Closed firmai closed 3 years ago
It looks like there is slight error in our computation of the Piotroski Score (PS) portfolios. We categorize this signal as continuous-decile when it should have been discrete (ranging from 0 to 9). We also should be going long stocks with a score of 8 or 9 and shorting stocks with a score of 0 or 1. See caption for Table 3 of Piotroski (2000):
Gonna be honest, not sure this is a high priority thing to fix. But we'll try to remember to fix this when we update the data next year.
Hi @chenandrewy thanks for the reply, I think it's a bit more systematic than that, the screenshots that I gave in the beginning also have null values, and there is a larger list of variables that also have this problem. I know how hard it is to publish something open source, it gets combed over with a fine comb, but there is something quite great in that as it will ensure that in the long run, you have the most reputable (verifiable) study on the topic - so kudos to that.
Ah, sorry I should have looked more closely. On DivSeason, can you help me see when the NAs stop appearing? If it's just one month then it's probably because the strategy shorts dividend payers that happen to not be paying, and perhaps there's not enough data back there. I guess DivSesason is a strategy we spent a lot of time on, so I'm not very concerned about missing values.
Overall, three are missing values for many reasons. The simplest one is that some variables are not continuous enough to be sorted into quintiles. Limited data early in the sample interacts with this issue. Since IBES begins around 1985, I think this is the most likely cause for ExclExp.
We'll add this to the FAQ.
It turns out the missing portfolio returns for ExclExp was not due to IBES data availability.

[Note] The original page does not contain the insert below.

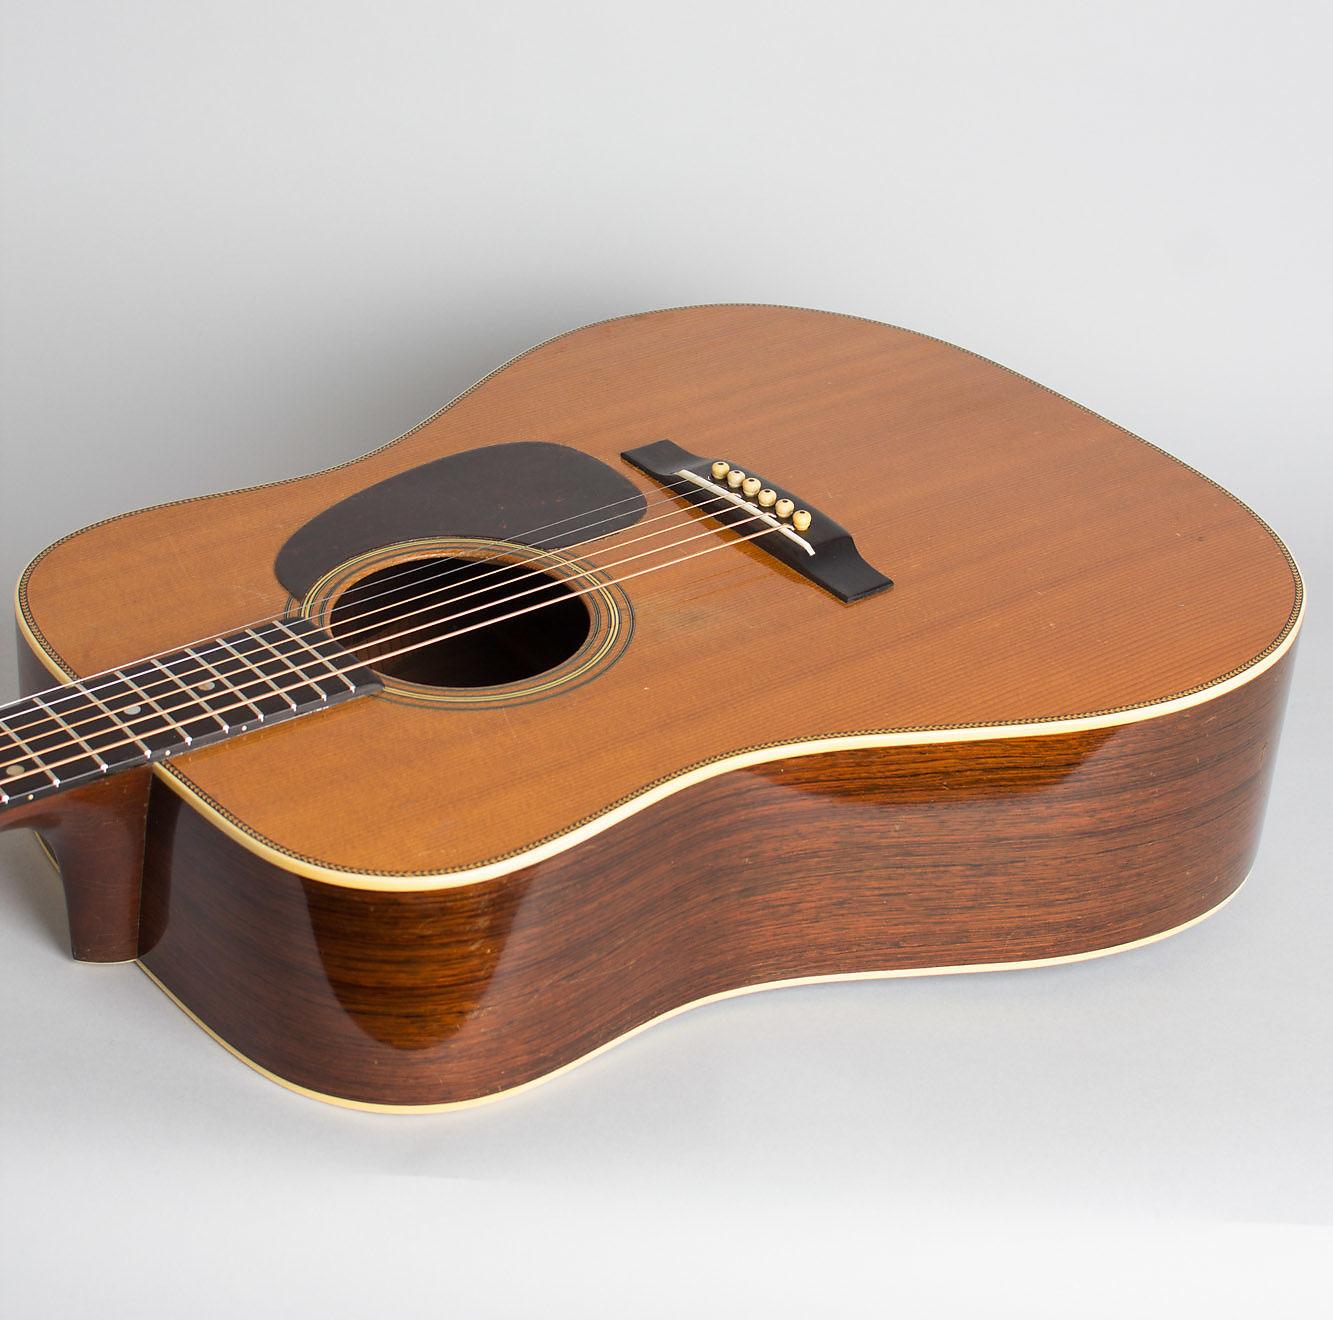 C. F. Martin  D-28 Herringbone Flat Top Acoustic Guitar (1946), ser. #96265, brown hard shell case.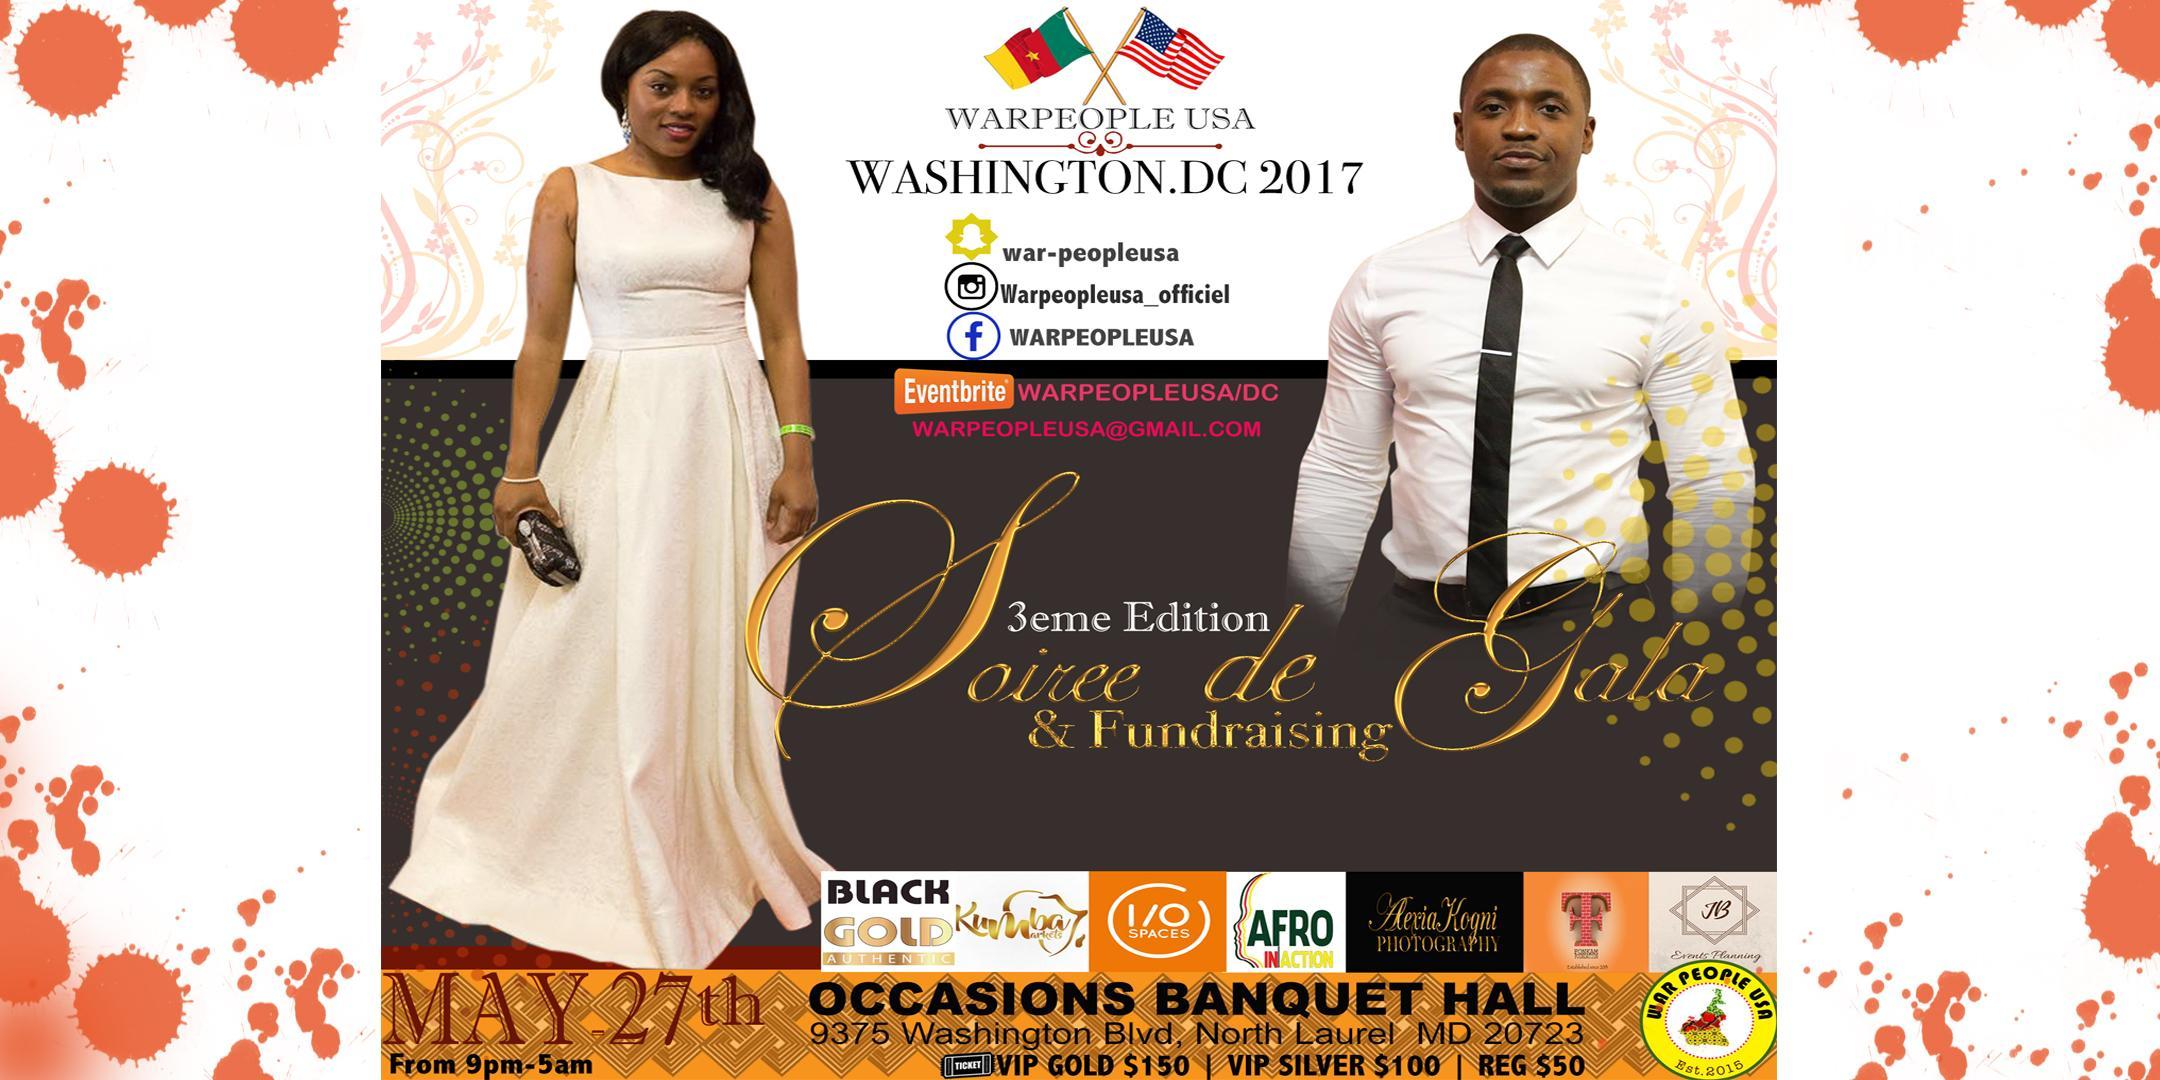 WASHINGTON,DC 2017

Instead, it's because ExclExp has a big mode at 0. Intuitively, ExclExp is "Street" aka "Non-Gaap" aka IBES earnings less GAAP earnings. So a lot of the time there is no difference, no funny exclusions and you get a ton of zeros. Here is the distribution of Excluded Expenses in June 1996
And then when you try to sort into quintiles, you get annoying edge cases.
In our portfolio code, we use inequality constraints on the extreme quantiles to maintain good behavior in the long-short portfolios. In the interior portfolios, you get these edge cases. This will be a pain for ML folks. But for single sorting it's fine.
Nothing to see here, unless you're an accounting nerd, but we'll ad this to the FAQ.
We updated the FAQ to explain these missing values:
The Piotroski Score at the very bottom shows that for each row there is at least on portfolio value missing (null, NaN)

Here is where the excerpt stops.